This is a theoretical question, so expect that many details here are not computable in practice or even in theory.
Let's say I have a string s
that I want to compress. The result should be a self-extracting binary (can be x86 asm but can also be some other hypothetical Turing-complete low level language) which outputs s
.
Now, we can easily iterate through all possible such binaries/programs, ordered by size. Let B_s
be the sub-list of these binaries who output s
(of course B_s
is uncomputable).
As every set of positive integers must have a minimum, there must be a smallest program b_min_s
in B_s
From s
, I can also construct a canonical program b_cano_s
which just outputs s
in a trivial way.

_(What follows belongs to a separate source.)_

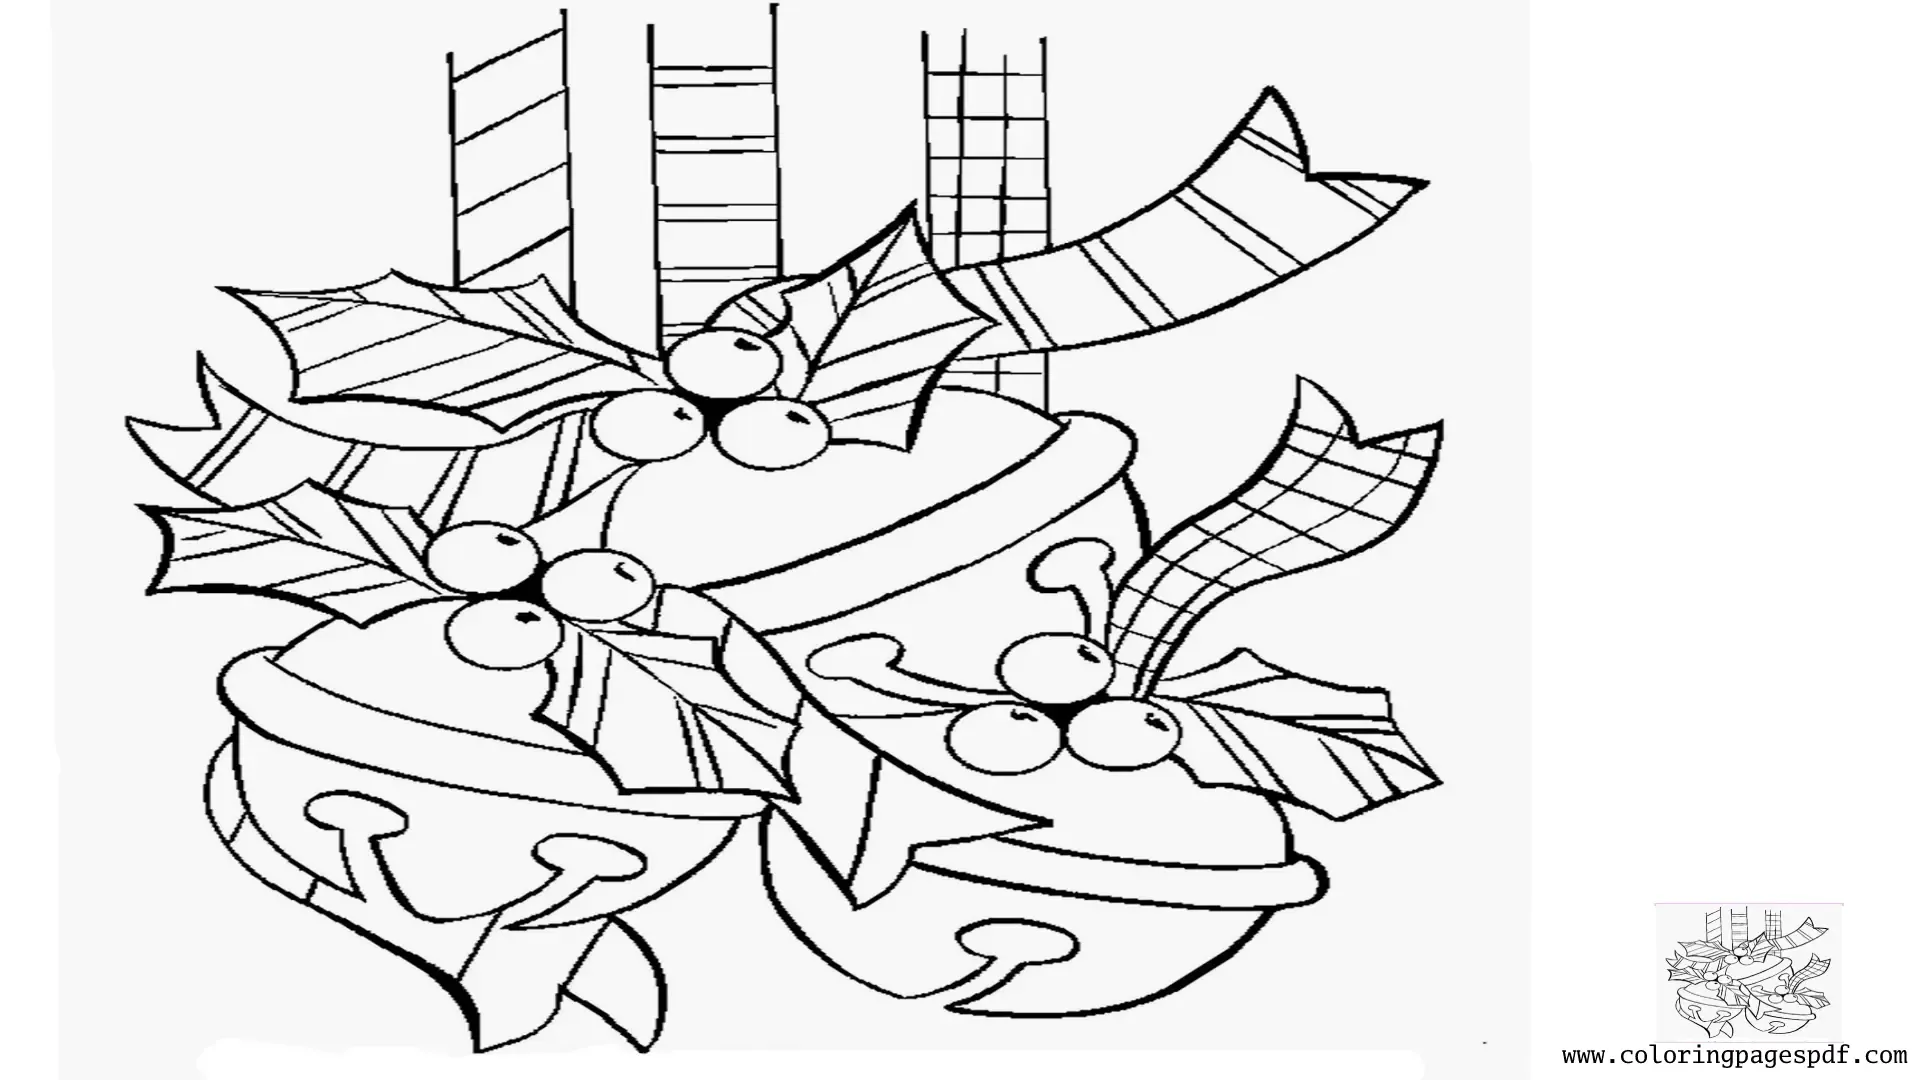 Coloring Page Of Christmas Bell Balls
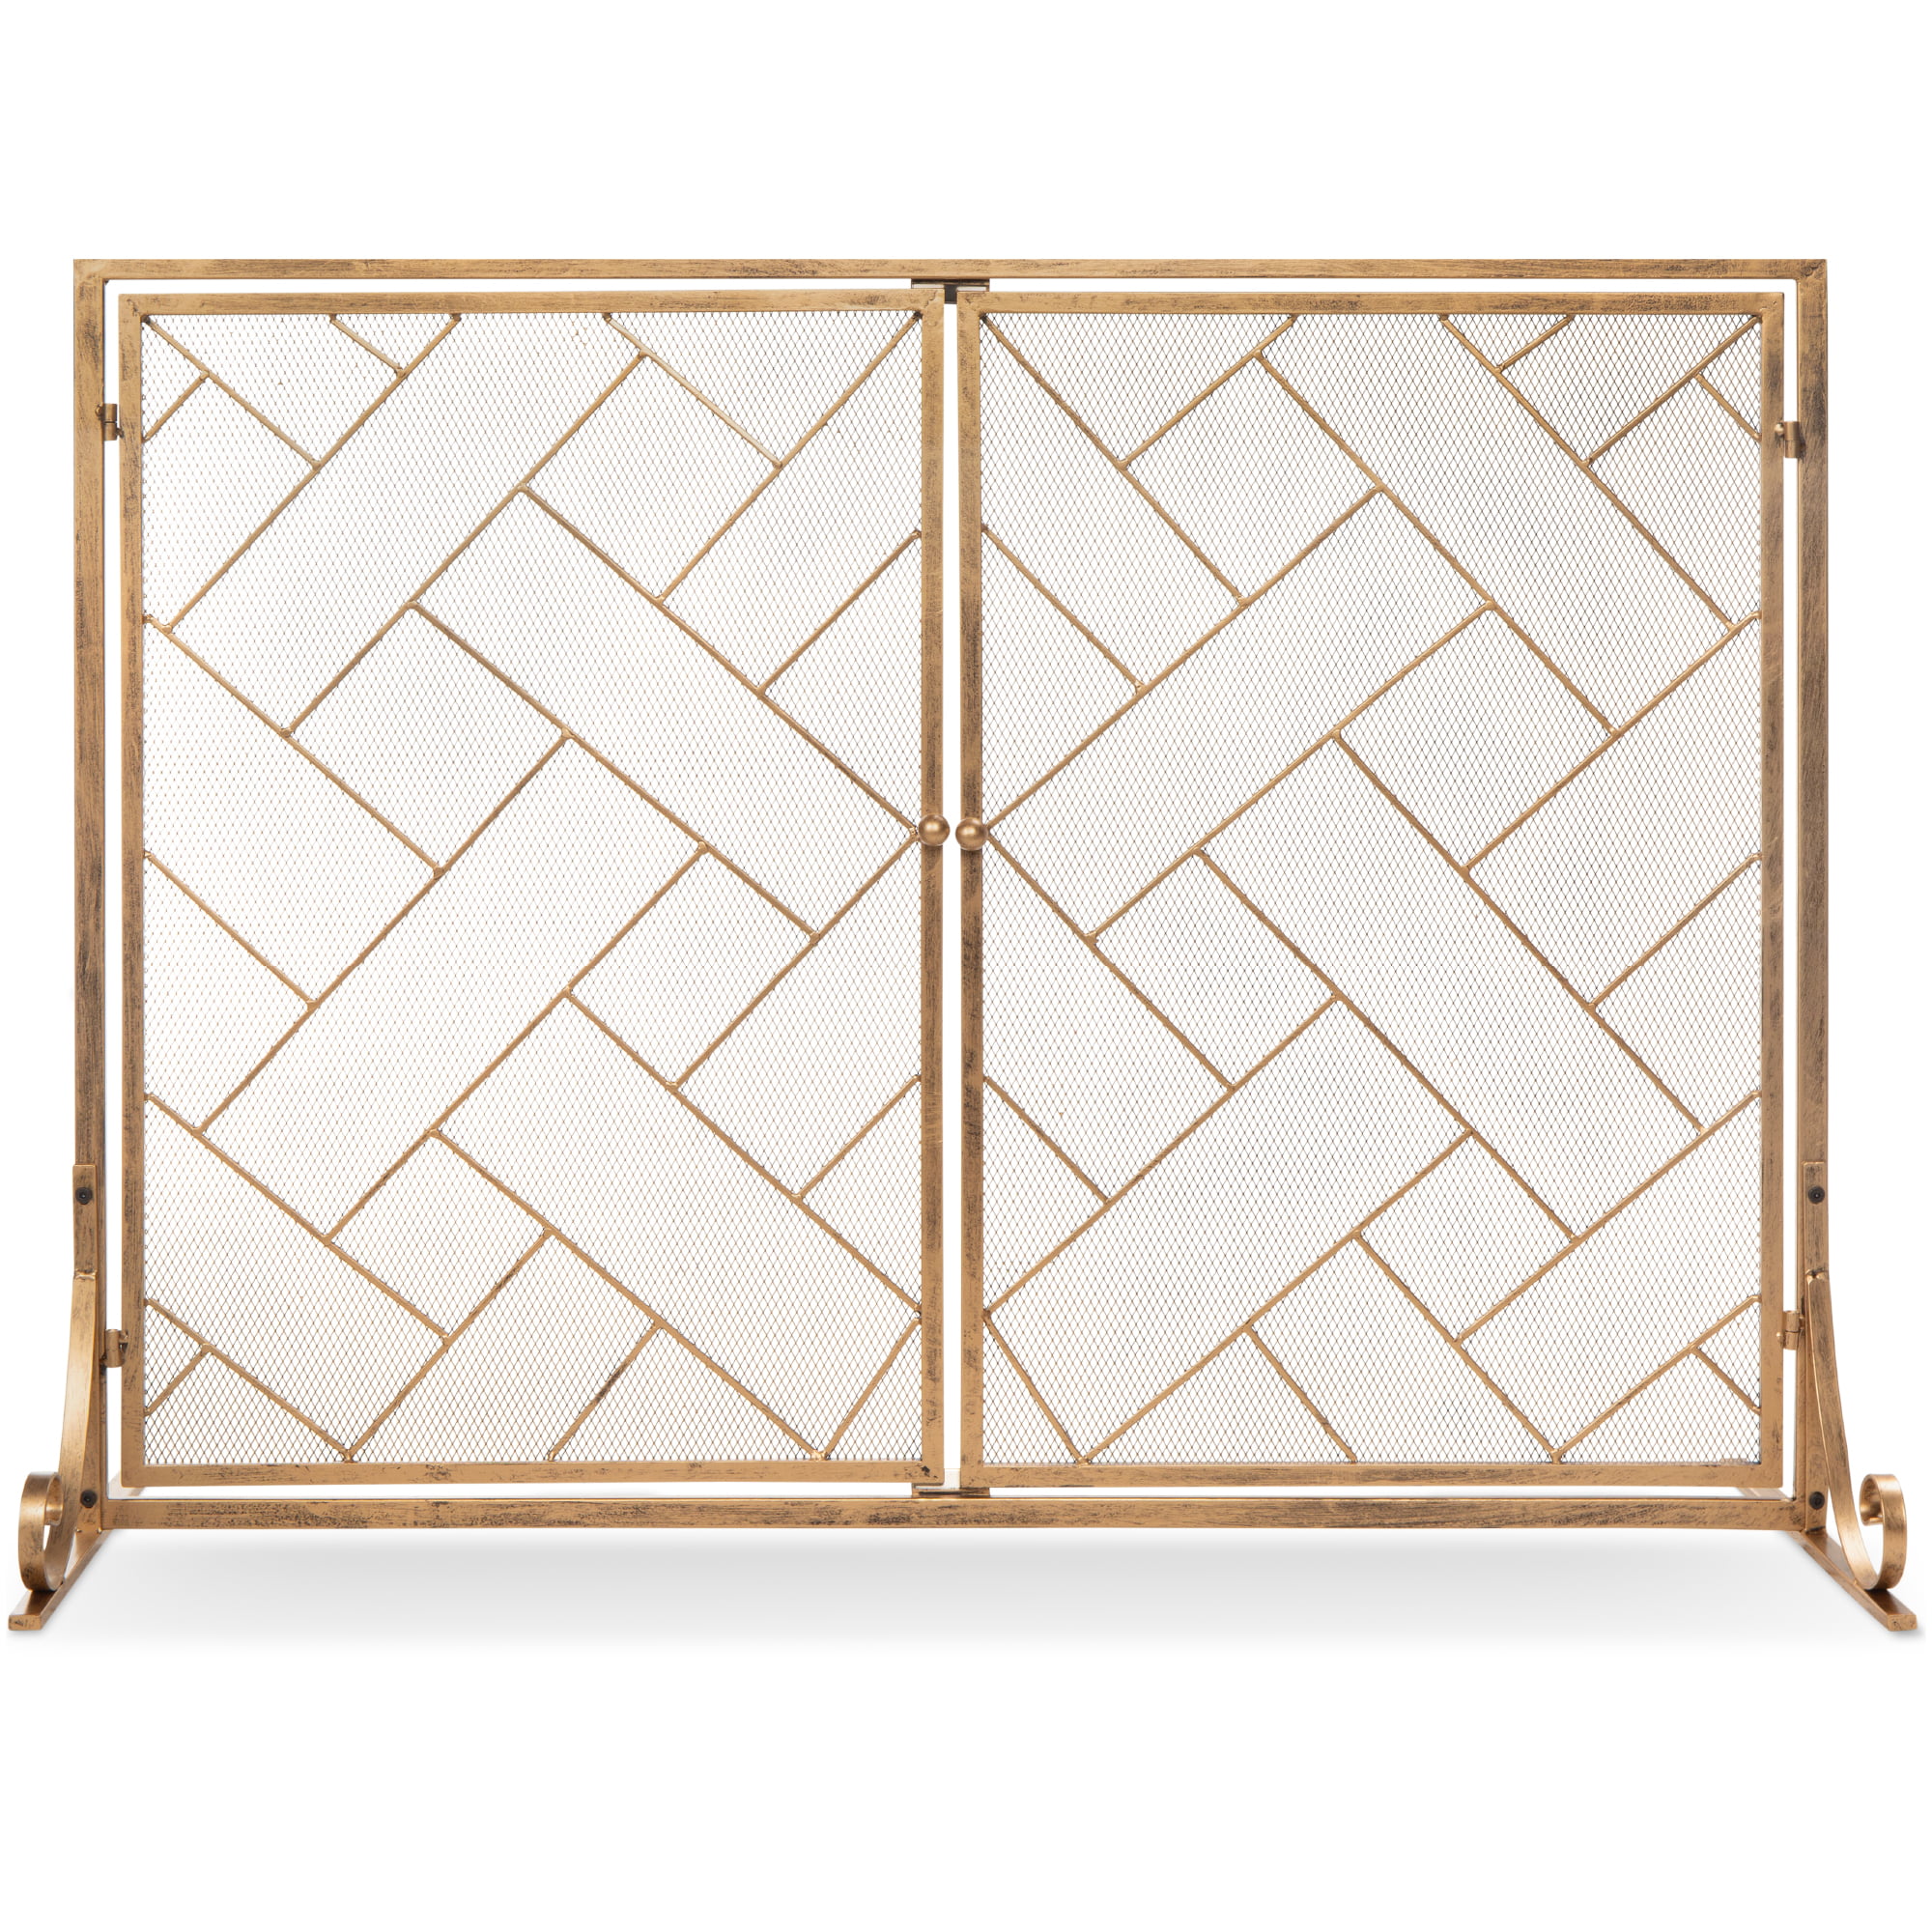 Best Choice Products 44x33in 2-Panel Handcrafted Wrought Iron Geometric Fireplace Screen with Magnetic Doors - Gold

I.e. the size of b_cano_s
will be in O(#s)
-- if we think of ELF with data segments, we will even have #b_cano_s ~ #s
.
Is there a set A
of possible operations on the binaries which:
1 . Will preserve the output.
2a . Given b_cano_s
, we can arrive somehow by operations from A
at b_min_s
.
(2b . Given b_cano_s
, we can arrive at all programs in B_s
.)
for all possible strings s
.
The conditions 1+2a are weaker than the conditions 1+2b. Maybe, if there is such a set A
, we will automatically have both, though. (Is that so?)
Does such a set A
exists? I was thinking about some obvious operations, like searching for some repeated strings and shorten this. Or some of the other common compression methods. However, that probably is not enough to arrive at all programs B_s
and my intention says also not necessarily at b_min_s
for the same reason.
If it exists, can we express it, i.e. is it computable?